Data provides neutral and direct representations of the world, but is also involved in politics, culture, money and power. Citizen science journalism is an emerging concept that brings together citizen science and data journalism. Within the framework of DATA4CitSciNews, the event organized by the NEWSERA and ENJOI projects, Science for Change inaugurated an exhibition to highlight the importance of citizen science journalism.
Cooperating in the definition of the information needs of citizens and designing the collection of adequate sets of data in a participatory and transparent manner can contribute to their use to promote change for the benefit of local communities and advocate for democracy.
The #DATA4CitSciNews exhibition, curated by Joana Magalhães from Science for Change, was inaugurated at “The Green Parrot” gallery on November 28, 2022. The exhibition featured interactive installations, co-creation processes and research methods that open a debate on how citizens and professionals in the journalistic world can come together to face current needs, especially in times of misinformation and fake news, and explore the potential of visual narratives, data journalism and the principles of quality scientific journalism.
1. The citizen science journalism cloud
In this first interactive space, visitors are invited to co-create a definition of citizen science journalism. Through a code, visitors have to contribute by responding to what are the most important values that this new concept must respect.
2. Citizen science journalism under construction
What data, from whom and by what means? Who has the ability to benefit from it? How can journalists report reality in a much deeper and more meaningful way to benefit citizens and communities? In this second interactive module, visitors can enter their opinions through tablets connected to printers, thus generating new information.
3. Beyond the PSI’s
The priority of communication and scientific journalism is to respond to the needs of society and allow the public to fully exercise their rights as citizens Principles, Standards and Indicators (PSI) must be at the center of a solid ethical and deontological approach to scientific communication and journalism. The principles are fundamental truths to guide scientific communication and journalism; a set of standards should respond to each principle as general recommendations; and finally, the indicators are a practical way to measure and monitor the path towards the successful use of the principles and standards. Throughout 8 panels, the different PSIs are explored, also inviting visitors to reflect on possible PSIs from the perspective of the new concept of citizen scientific journalism.
4. If toxic air is a monument to slavery, how do we take it down?
Projection of a 30-minute film authored by the London studio “Forensic Architecture” in collaboration with RISE St. James, which tells about research on toxicity in post-plantation landscapes and environmental racism. Around the world, monuments to slave masters declare defiant allegiance to white supremacy. State authorities are finally bowing to longstanding activist demands to ‘take ‘em down’. Yet as the monuments recede from vision, the structural legacy of settler colonialism and slavery remains intact. In the US state of Louisiana, along 137 kilometres of the Mississippi River between Baton Rouge and New Orleans, lies a region once called ‘Plantation Country’, now known as the ‘Petrochemical Corridor’. Over 200 (and counting) industrial plants occupy the fallow footprints of formerly slave-powered sugarcane plantations.
Today, in the shadow of those plants, neighboring communities – mostly historic ‘freetowns’ inhabited by the descendants of people enslaved on those same grounds – breathe some of the most toxic air in the US. As industry poisons their air, it crushes the remains of their ancestors. Across the ruined mosaic of plantations, hundreds of Black cemeteries face desecration by frenzied development.

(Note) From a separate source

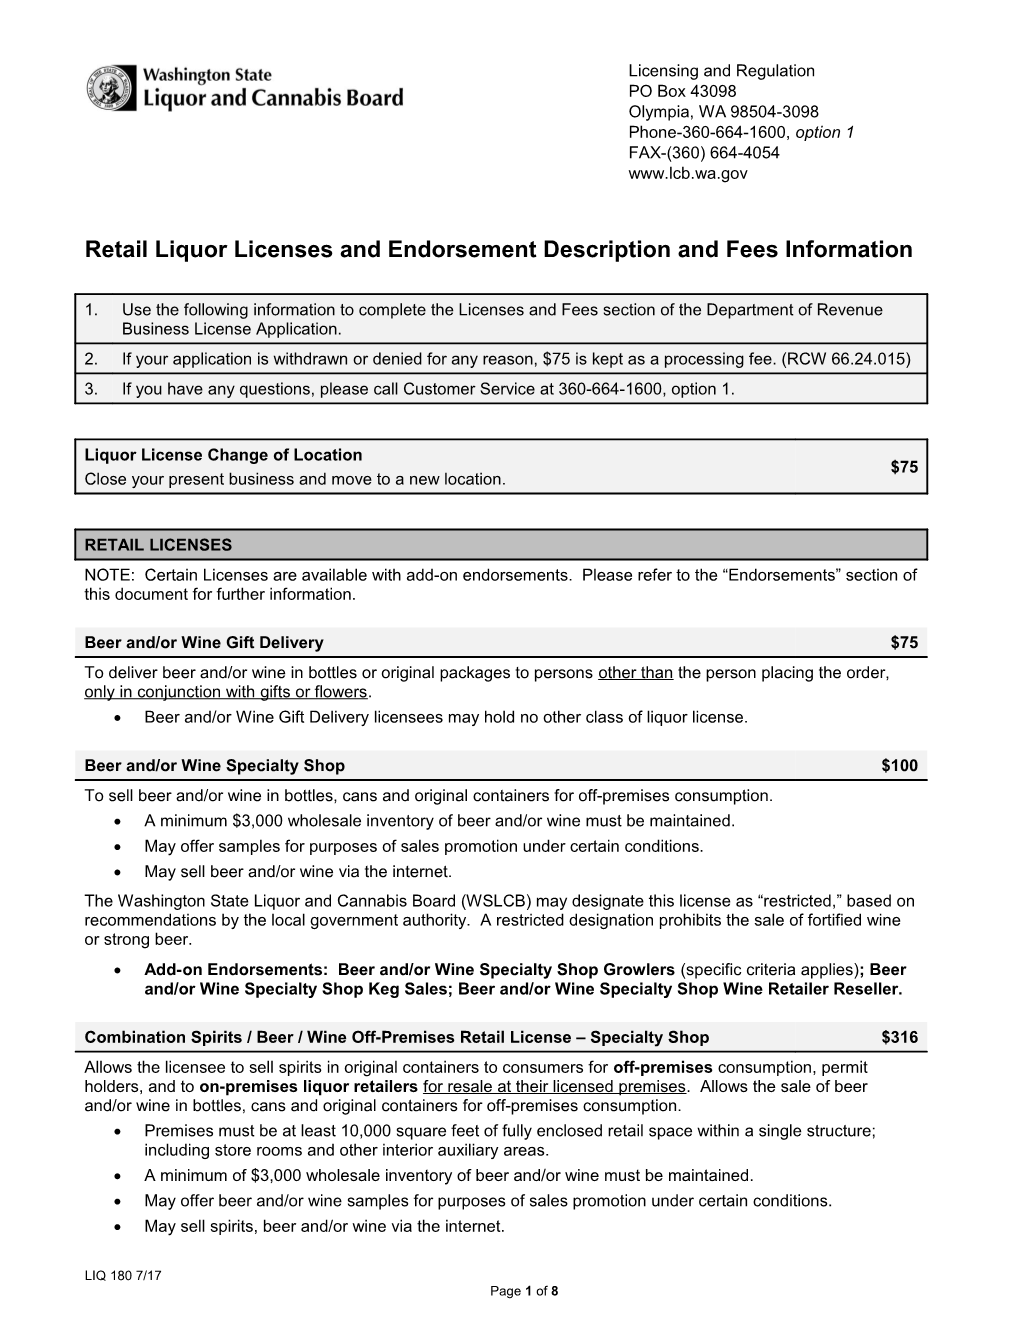 Retail Liquor License Descriptions and Fees

“This exhibition represents a sample of interactive installations produced by the Science for Change creative team, and audio-visual material from other reference studios, in which we have also incorporated results from the citizen science projects participating in NEWSERA, such as images of light pollution from Cities At Night, at the journalism cloud facility”, says exhibition curator and NEWSERA Project Manager Joana Magalhaes. “In the coming months we will continue working together with the creative producer of the exhibition, Isidora Fernández, on new modules that will include a strong data visualization component derived from the NEWSERA pilots.”
DATA4CitSciNews is an exhibition produced by Science for Change, for the European projects NEWSERA and ENJOI within the framework of the DATA4CitSciNews event: Data Journalism, Disinformation and Citizen Science.
All photos by the NEWSERA consortium; images can be reused under the CC BY-SA-ND 4.0 license.